Data Block Start

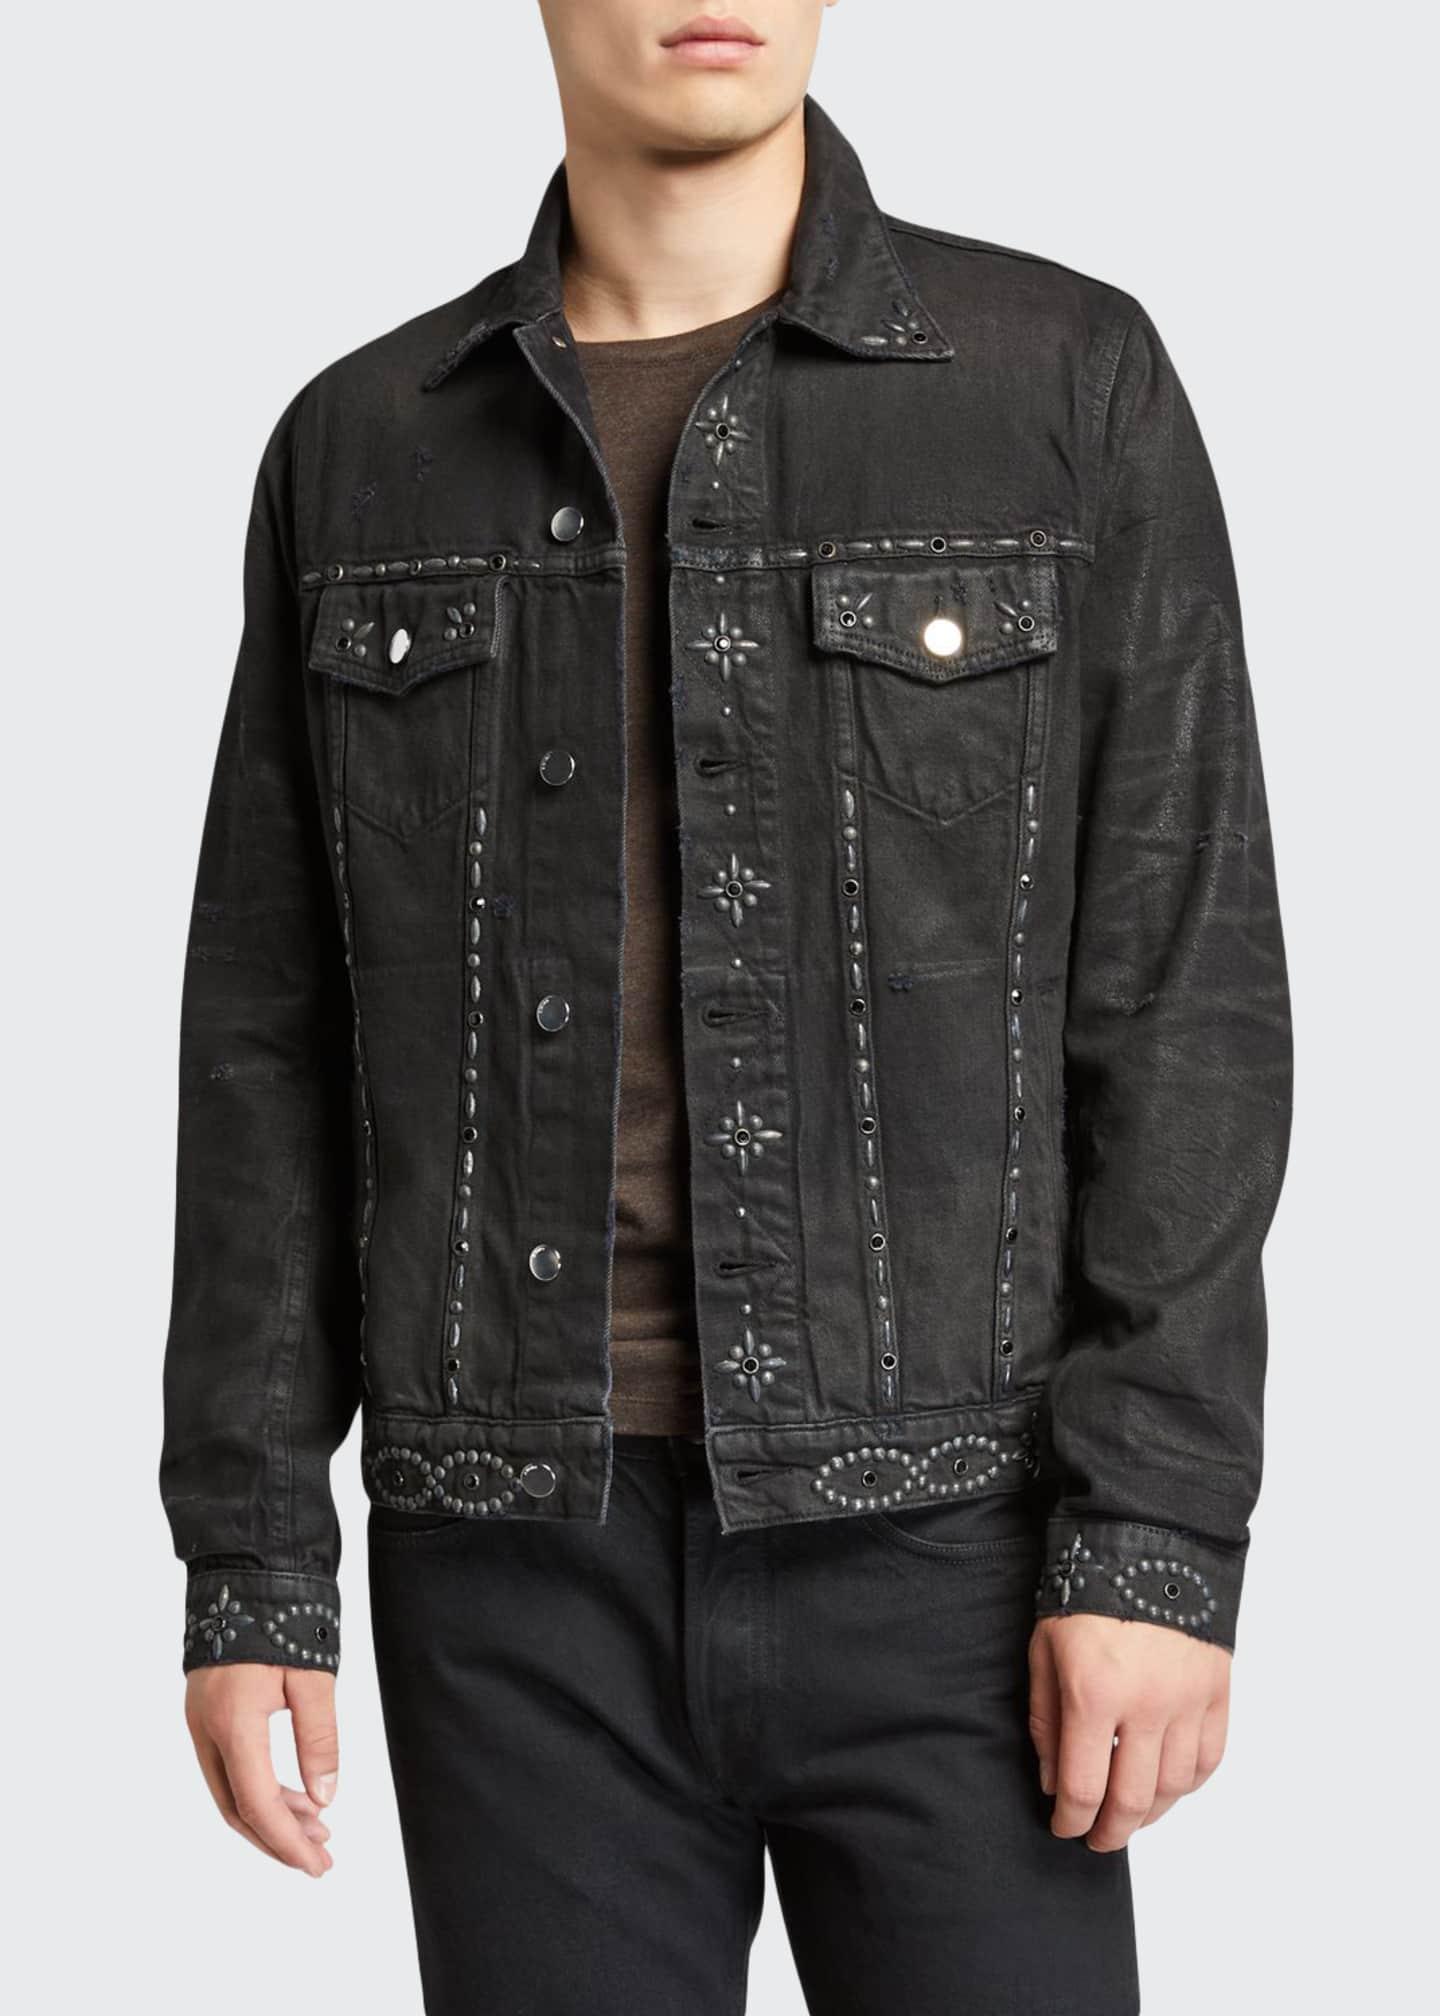 Amiri Men's Studded Denim Jacket
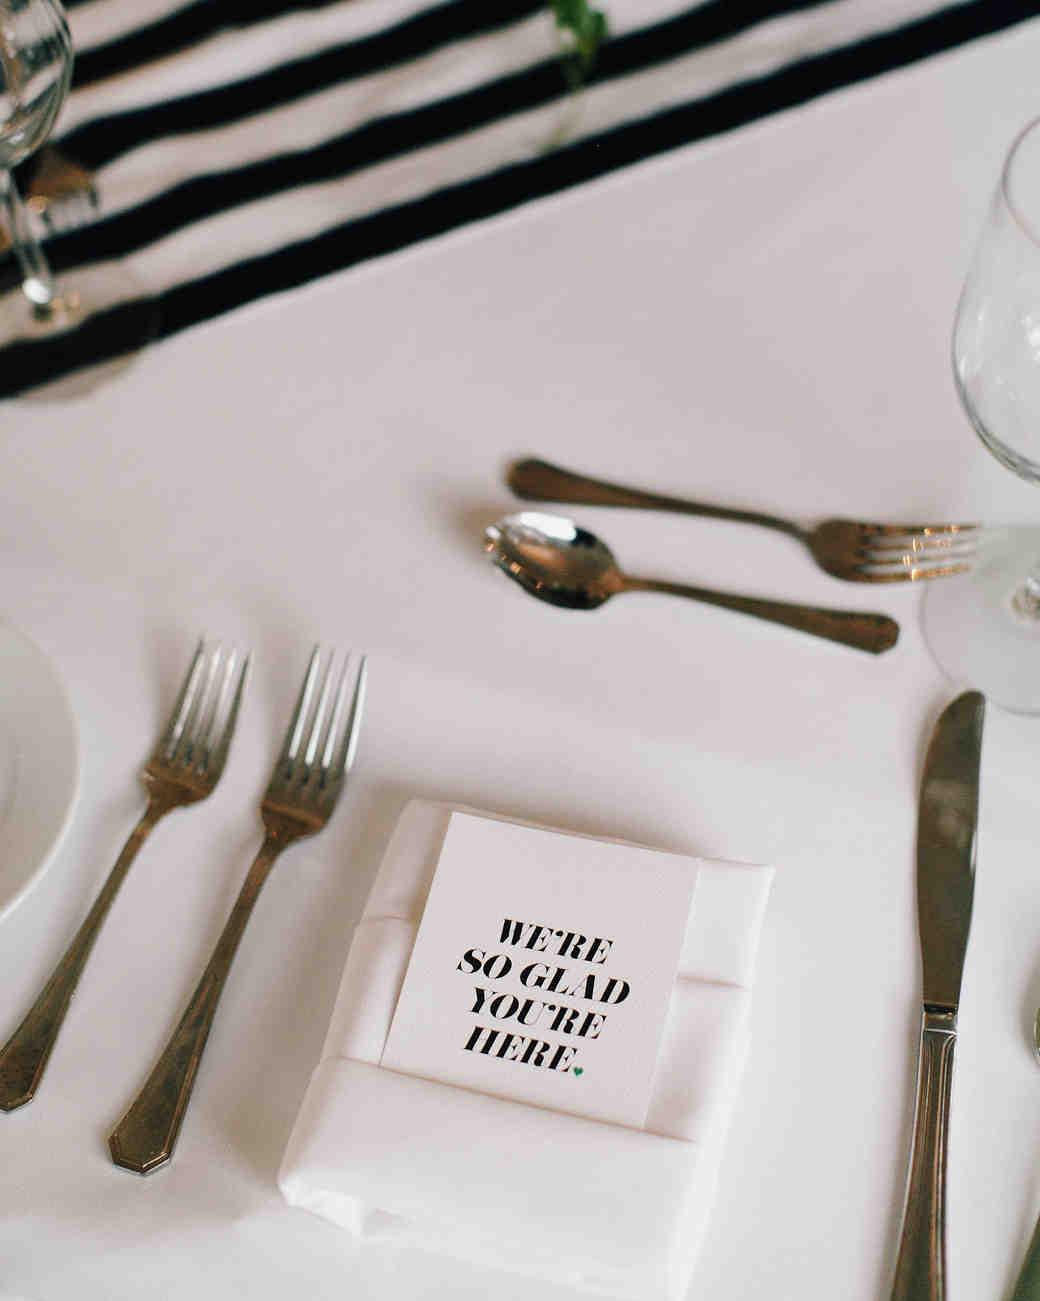 rosie-constantine-wedding-placesetting-276-s112177-1015.jpg
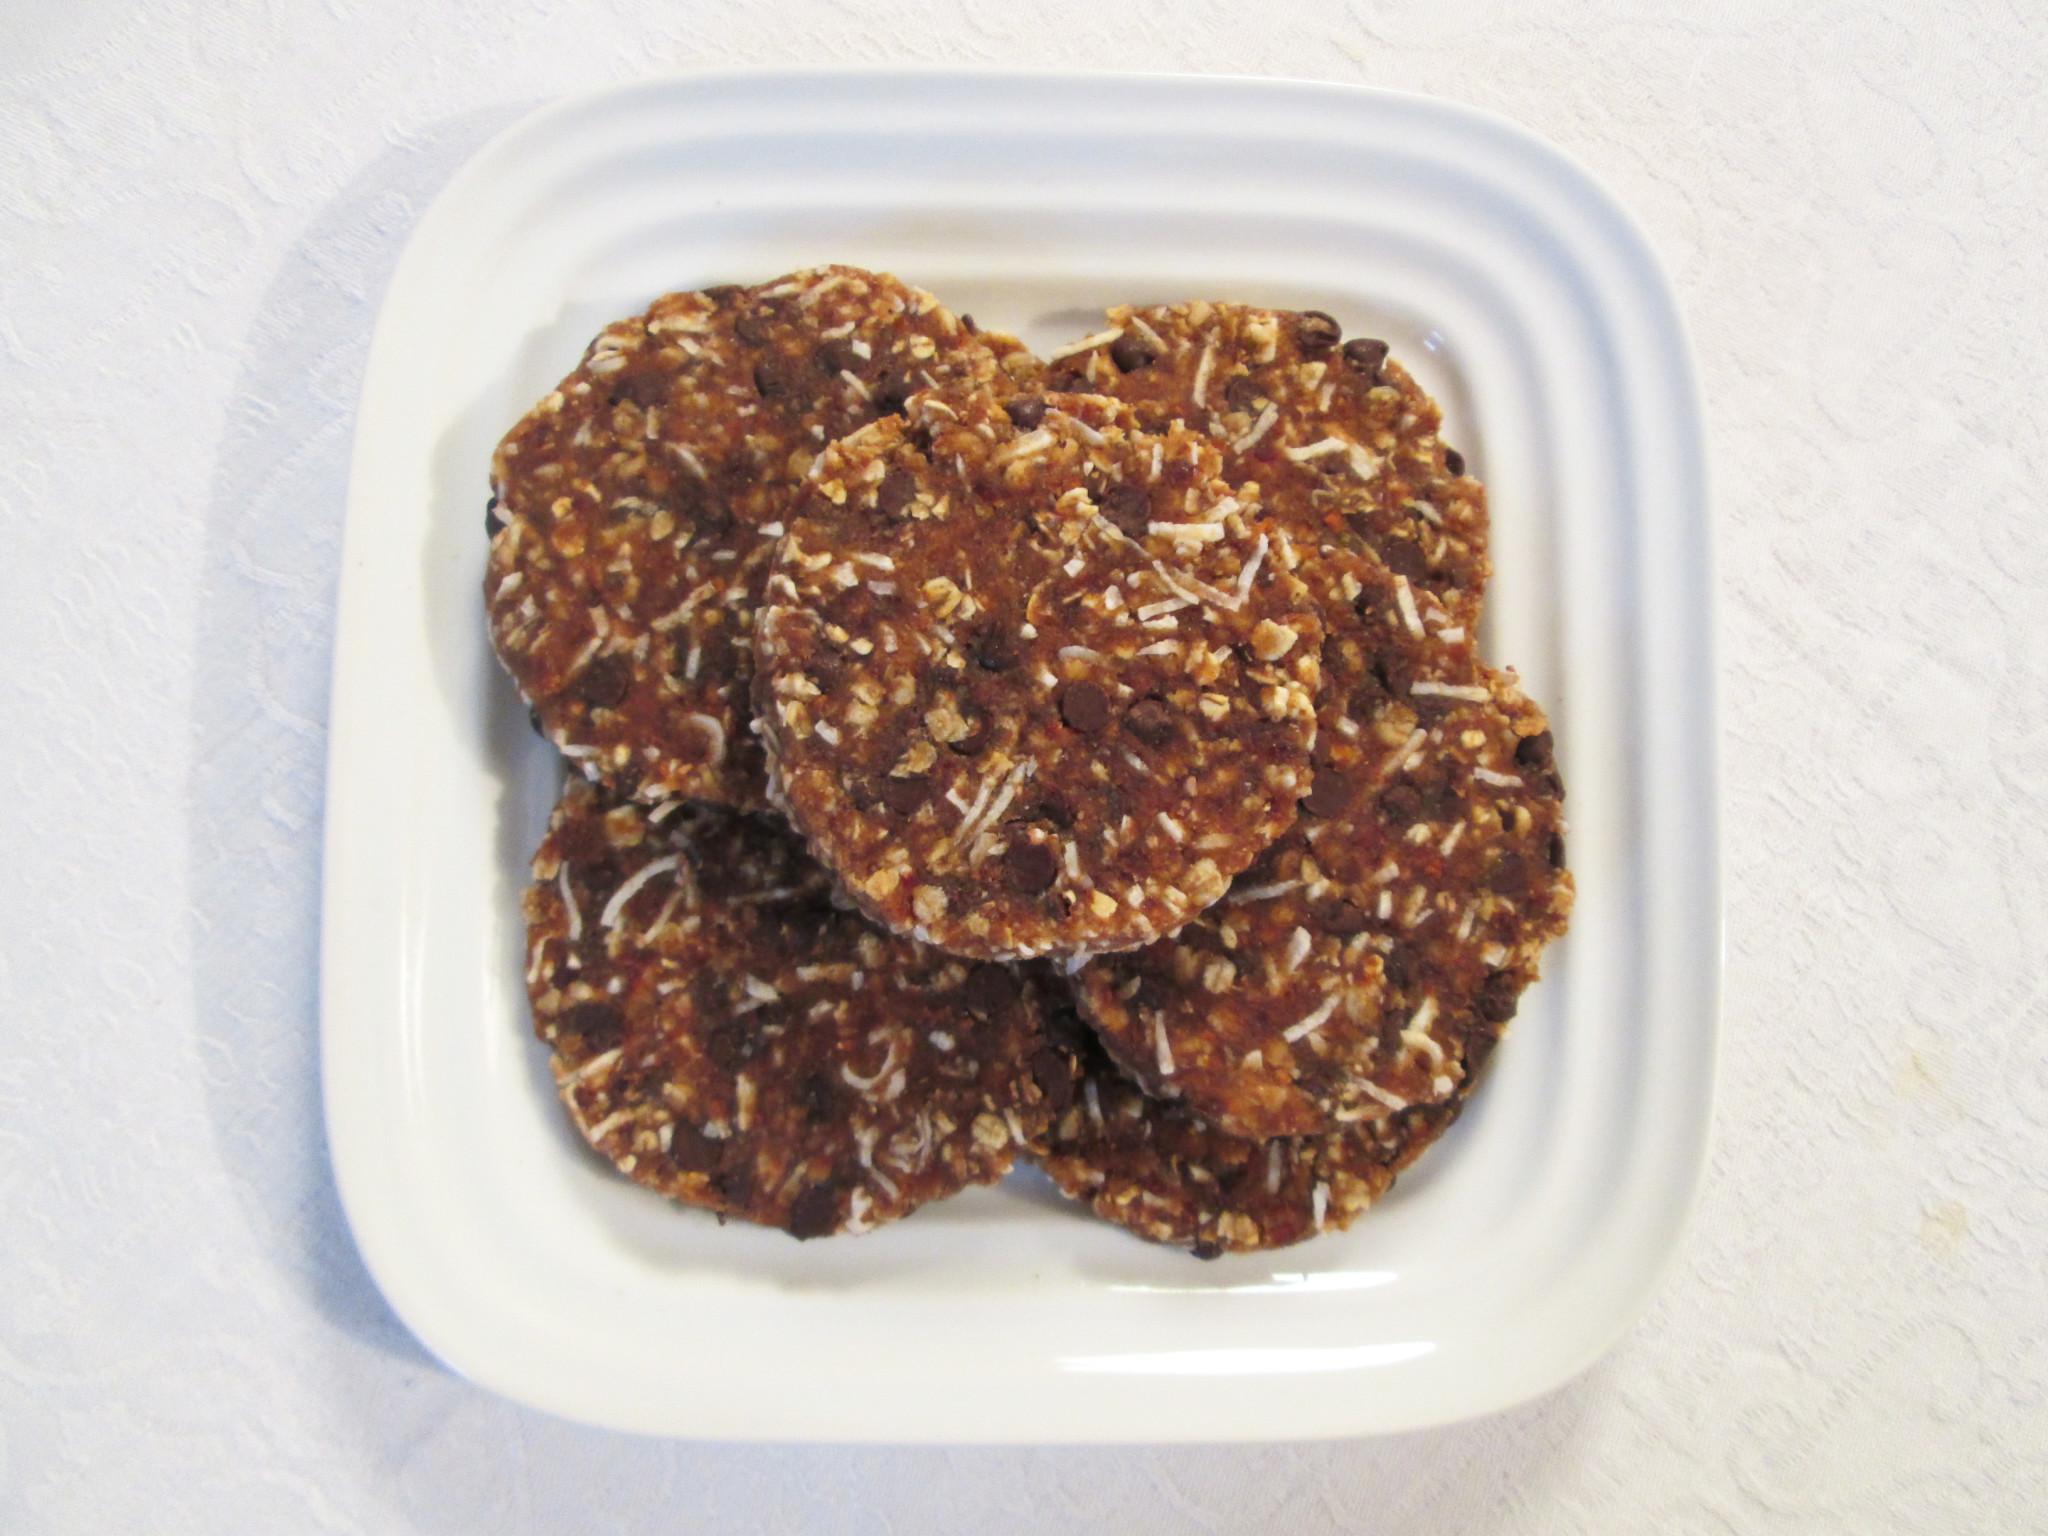 Oatmeal, Coconut Date Cookies Recipe - Robins KeyRobins Key

Data Block End

* Task description *
With the images omitted, return the full material exactly.

* Task response *
 Amiri Men's Studded Denim Jacket
 rosie-constantine-wedding-placesetting-276-s112177-1015.jpg
 Oatmeal, Coconut Date Cookies Recipe - Robins KeyRobins Key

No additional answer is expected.